In most standard JVM, the result of the above formula is 44 * N + 4 * CAPACITY bytes.

Performance problem

Asymmetric HashMap vs equilibrium HashMap

In the case of * *, both the get () and put () methods have only O (1) complexity. However, if you don't care about the hash function of the key, your put () and get () methods may execute very slowly. The efficient execution of the put () and get () methods depends on how the data is allocated to different indexes of the internal array (bucket). If the hash function of the key is not properly designed, you will get an asymmetrical partition (no matter how large the internal data is). All put () and get () methods use a * * linked list, which is slow to execute because it needs to iterate over all the records in the linked list. In a worst-case scenario (if most of the data is in the same bucket), your time complexity will become O (n).
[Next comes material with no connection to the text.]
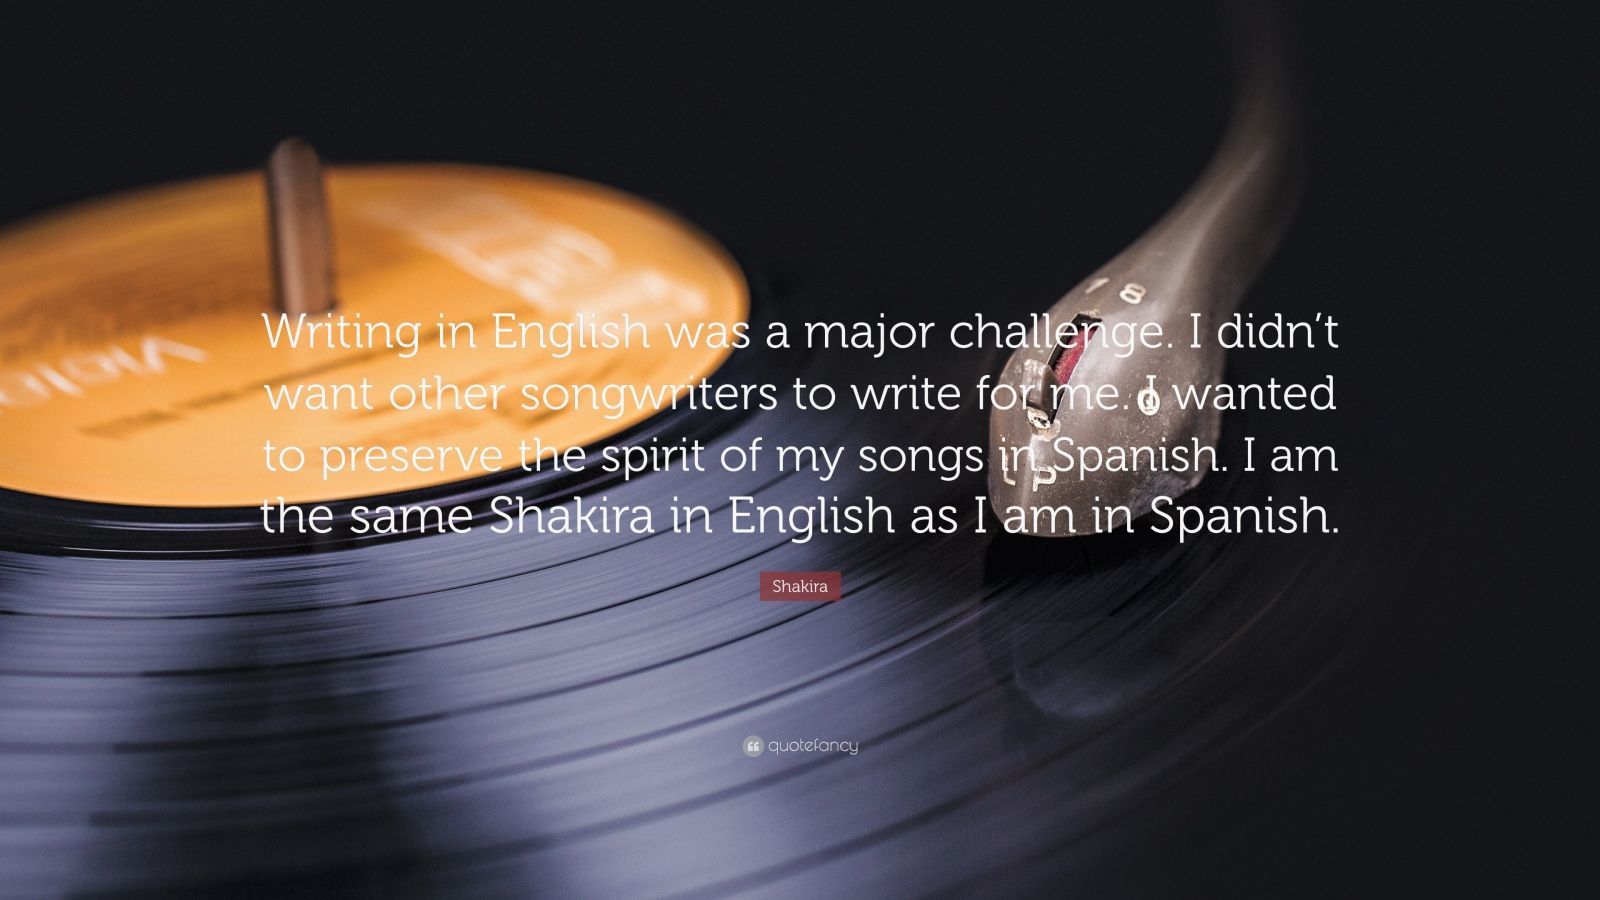 Shakira Quote: “Writing in English was a major challenge. I didn’t want other ...1600 x 900
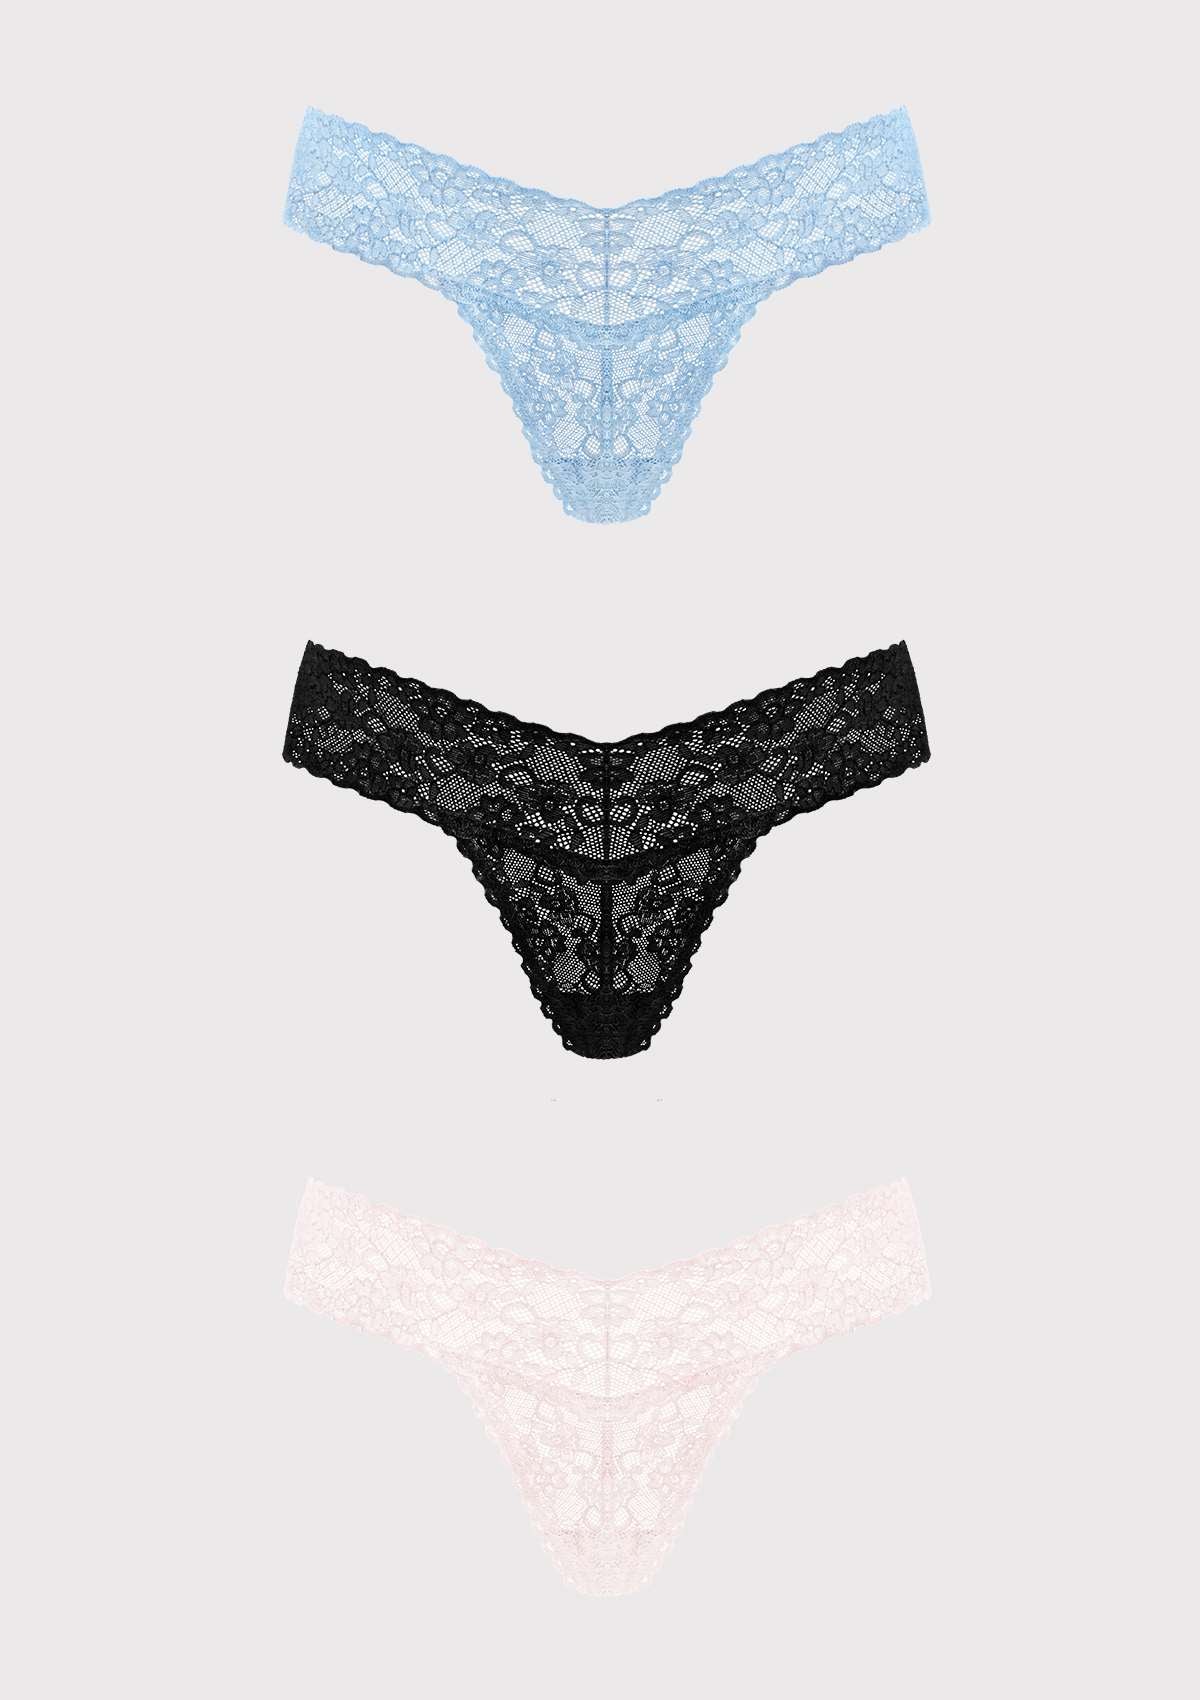 HSIA Soft Sexy Lace Cheeky Thong Underwear 3 Pack - S / Black+Storm Blue+Dusty Peach

The following is a visual example. The * figure depicts an asymmetric HashMap, and the second diagram depicts a balanced HashMap.

In this asymmetric HashMap, running the get () and put () methods on bucket 0 can be time-consuming. It takes 6 iterations to get record K.

In this balanced HashMap, it takes only three iterations to get record K. The two HashMap store the same amount of data, and the internal array is the same size. The only difference is the hash function of the key, which is used to distribute records over different buckets.

The following is an extreme example written in Java, in which I use a hash function to put all the data into the same linked list (bucket), and then I add 2000000 pieces of data.

Public class Test {public static void main (String [] args) {class MyKey {Integer i; public MyKey (Integer I) {this.i = I;} @ Override public int hashCode () {return 1;} @ Override public boolean equals (Object obj) {… }} Date begin = new Date (); Map myMap= new HashMap (2, 500, 000, 10, 000, 1); for (int iTuno

Welcome to subscribe "Shulou Technology Information " to get latest news, interesting things and hot topics in the IT industry, and controls the hottest and latest Internet news, technology news and IT industry trends.

*The comments in the above article only represent the author's personal views and do not represent the views and positions of this website. If you have more insights, please feel free to contribute and share.